Evaluation of the physicochemical properties and in vitro digestibility of the complex formed between rice starch and a novel pigment from Vaccinium bracteatum Thunb. leaf

Food Chem. 2022 Apr 16;374:131627. doi: 10.1016/j.foodchem.2021.131627. Epub 2021 Nov 19.

ABSTRACT

This study investigated the effect of Vaccinium bracteatum Thunb. leaf (VBTL) dark blue pigment on the physicochemical properties and in vitro digestibility of different rice starches. The results showed that glutinous rice starch (GRS) had a higher pigment loading capacity than indica rice starch (IRS) and japonica rice starch (JRS).
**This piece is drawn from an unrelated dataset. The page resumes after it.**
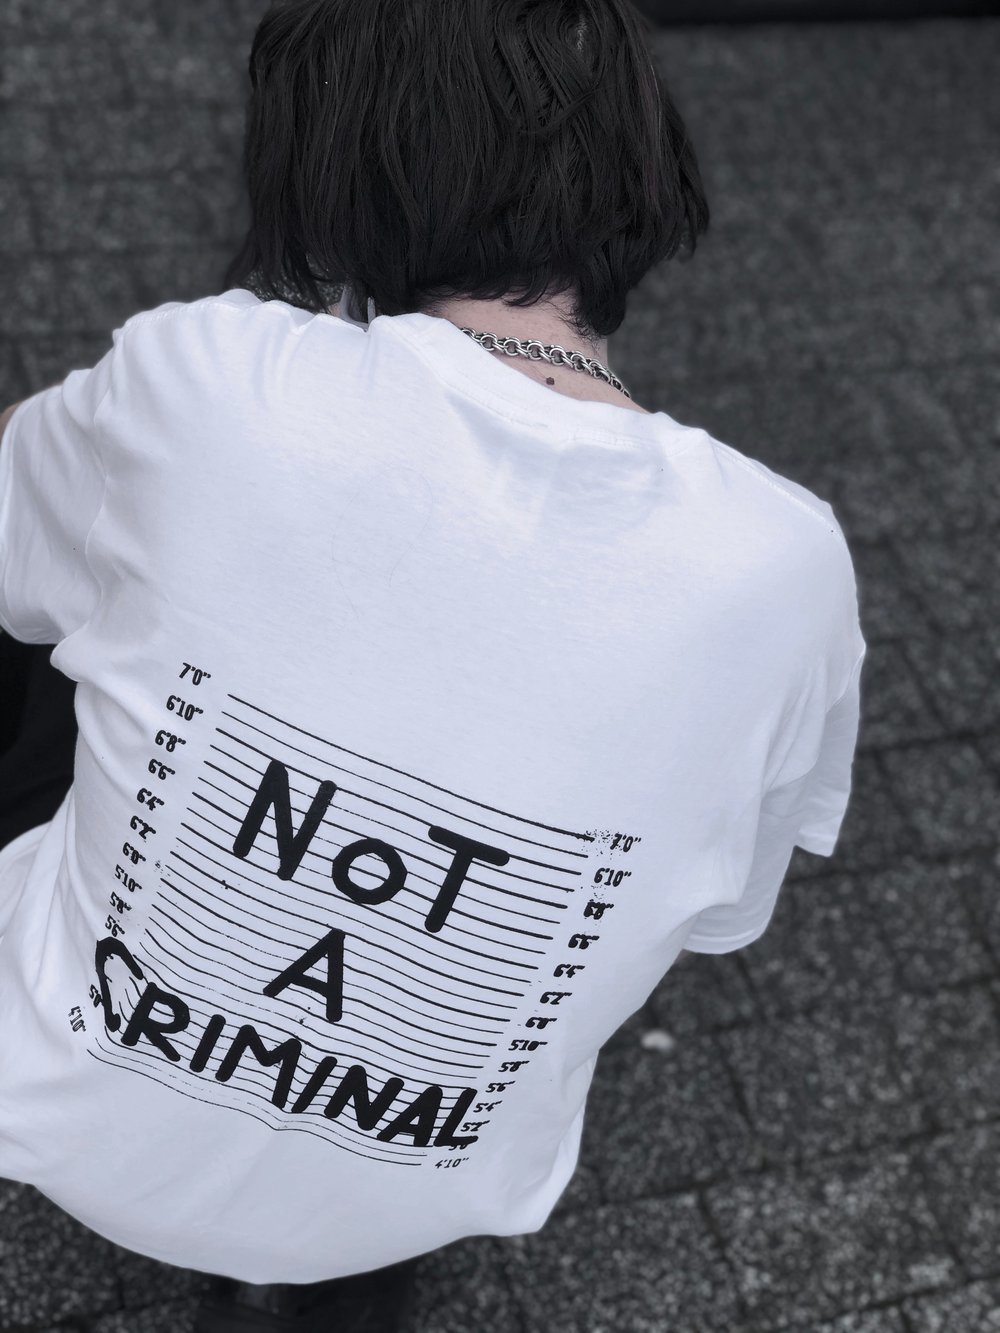 'Not a Criminal'

Fourier transform infrared spectroscopy showed that these binary complexes between pigment and starch molecules bind through strong hydrogen bonds. All starch-pigment complexes displayed a lower gelatinization enthalpy than the controls. The addition of this pigment reduced the maximum starch in vitro digestion amount. Furthermore, the addition of pigment significantly increased the resistant starch and decreased the rapidly digestible starch in ‘Wu mi’, rice grains dyed by VBTL. This study provided important evidence of the digestion resistibility of VBTL dark blue pigment on ‘Wu mi’ to promote glycaemic regulation as a healthy cereal product.